Firm GCs Must Be Aware as Shops Contend for Cannabis Work
As more states legalize cannabis for medicinal or recreational use, law firms may be eager to participate in the burgeoning industry. But general counsel must be wary of the potential landmines that lay ahead, speakers at Hinshaw & Culbertson LLP's Legal Malpractice and Risk Management Conference said Thursday in Chicago.

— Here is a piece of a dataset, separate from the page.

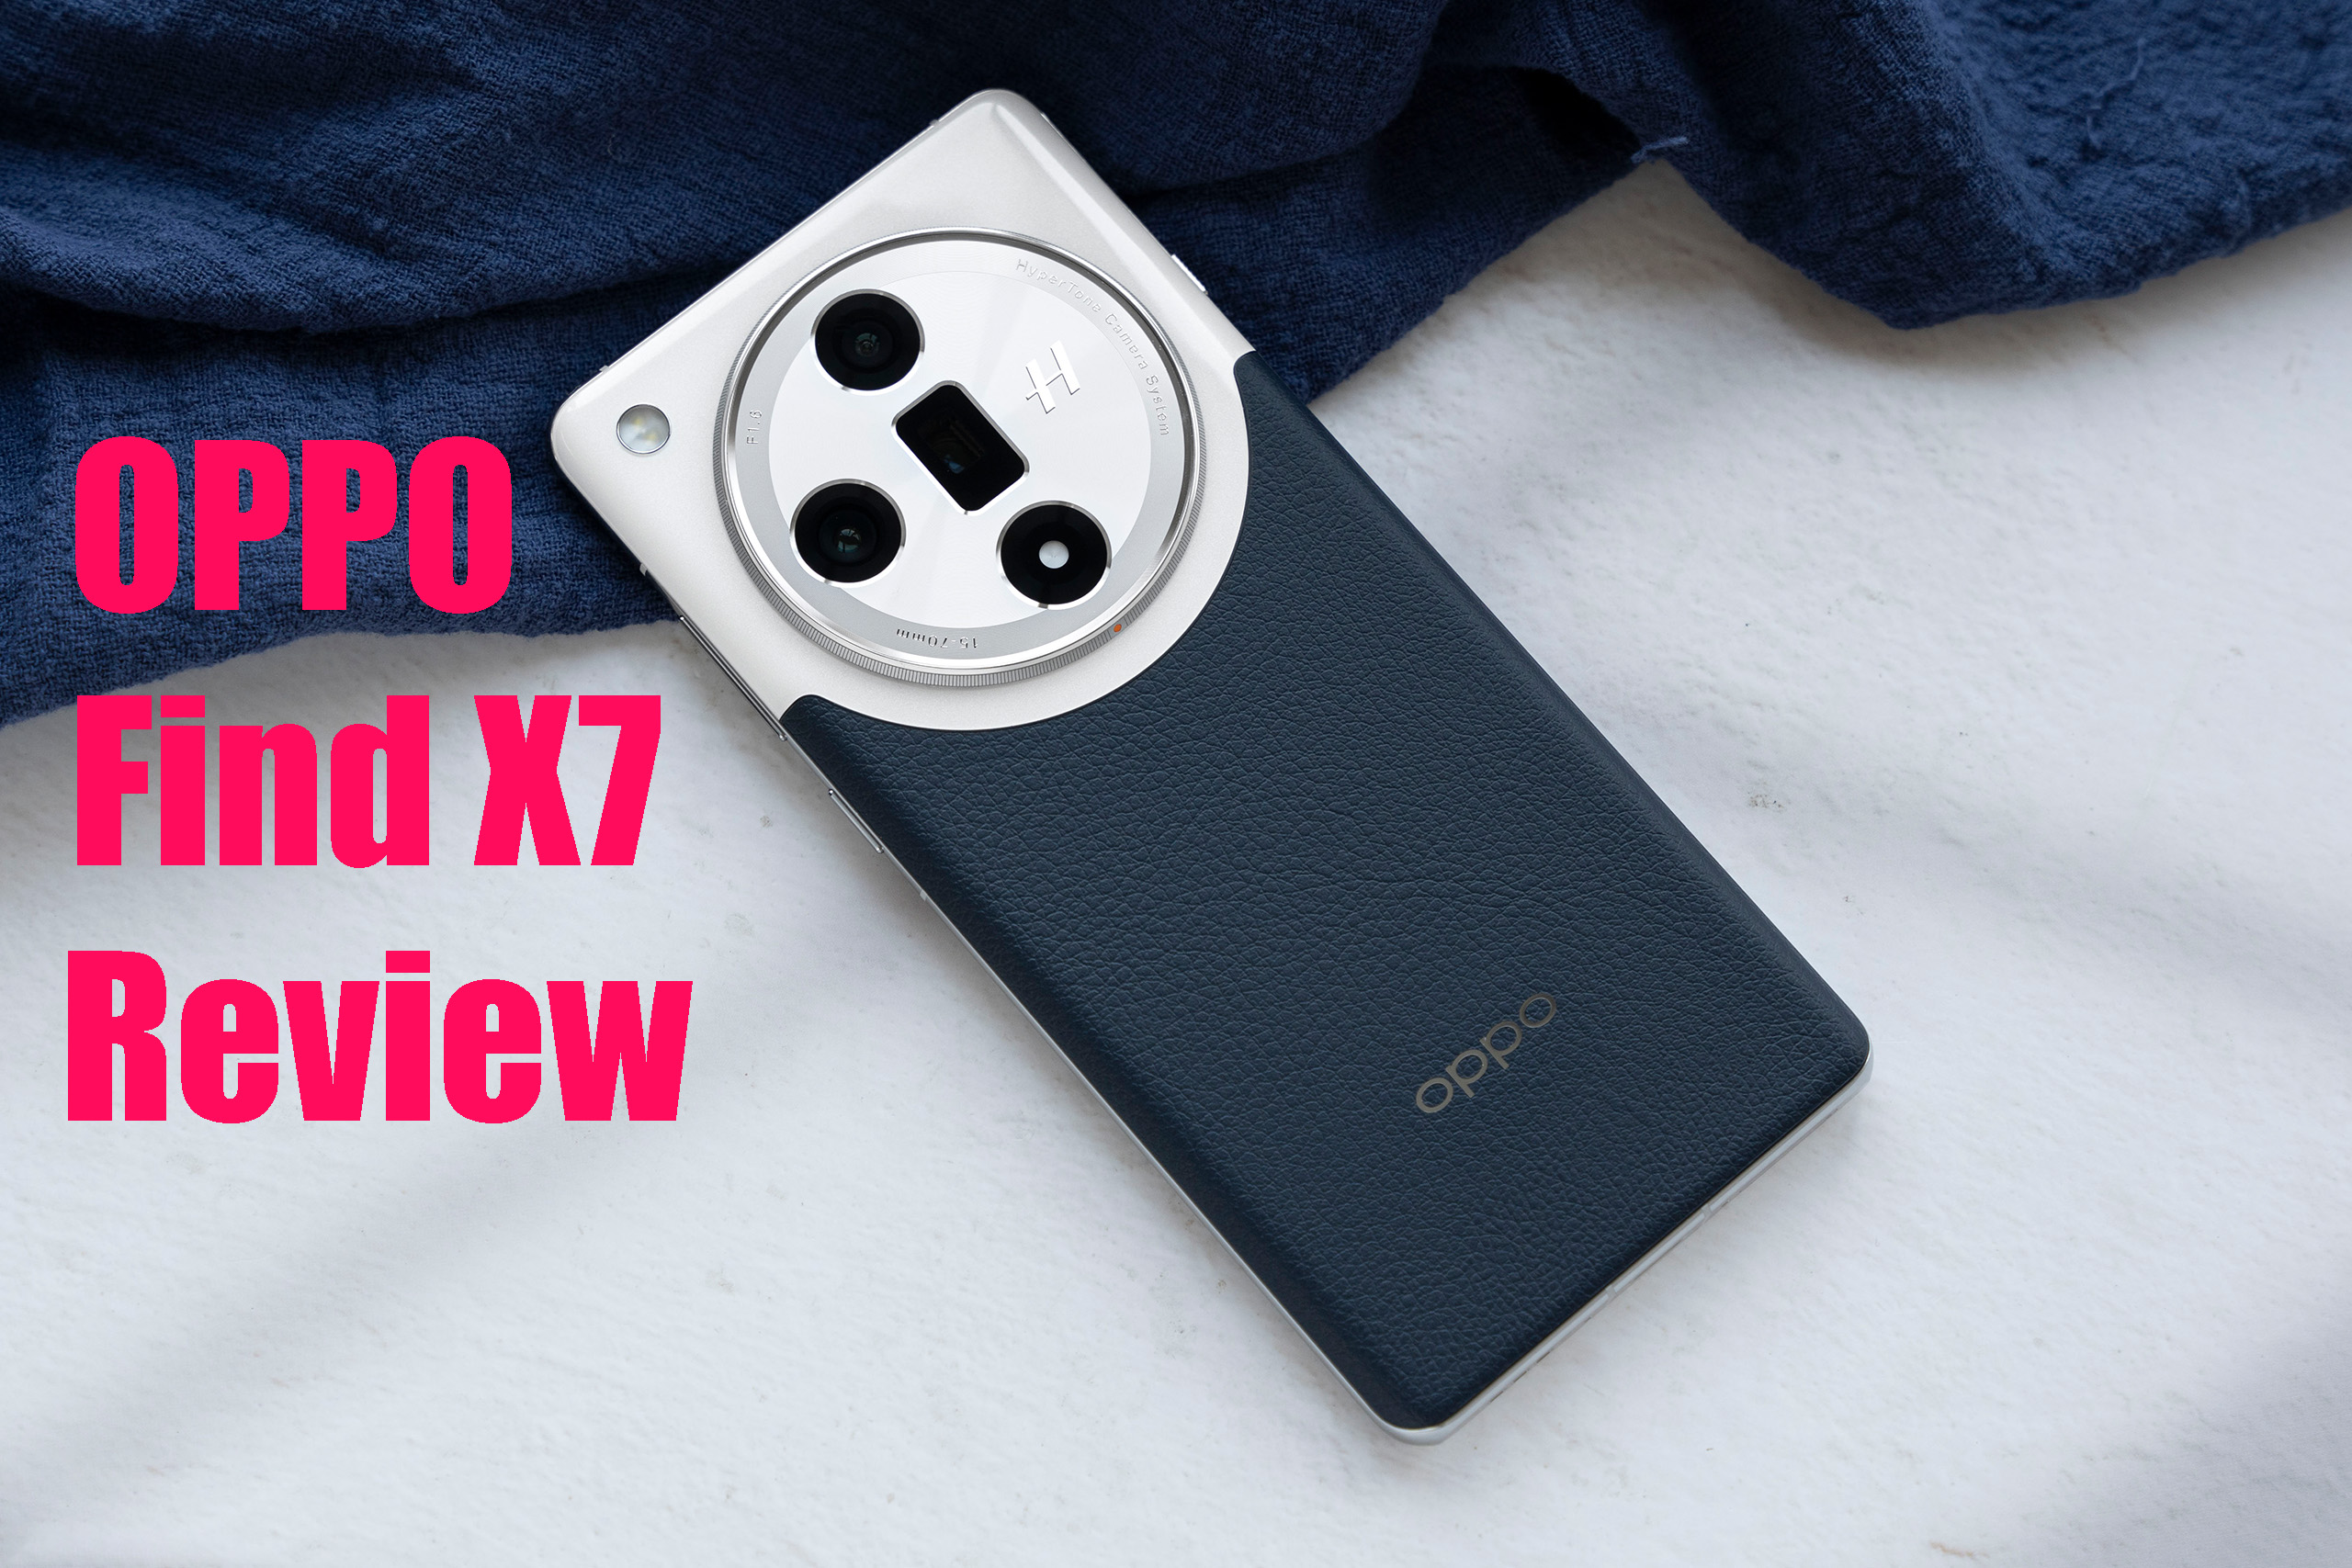 OPPO Find X7 Review

With a patchwork of state laws and ethical opinions to navigate and the conflicting federal law, attorneys seeking to operate in this space need to proceed with caution, said James J. Grogan, former chief counsel of the Attorney Registration & Disciplinary Commission of the Supreme Court of Illinois.
"You do your homework, you do your studying, and I think you can be successful," Grogan said, advising general counsel to start consulting bar associations or others in the professional liability space before taking the step toward establishing a cannabis team. "But you have to be so wary. You can advise something in a state tribunal, but the federal courts don't recognize it."
There are still many unanswered questions and potential risks, said Christopher Farella, general counsel at Epstein Becker & Green PC. Among them is the question of how to handle retainers and payments from clients who may be legally allowed to operate a cannabis business but may have to deal only in cash or other tenders, such as Bitcoin.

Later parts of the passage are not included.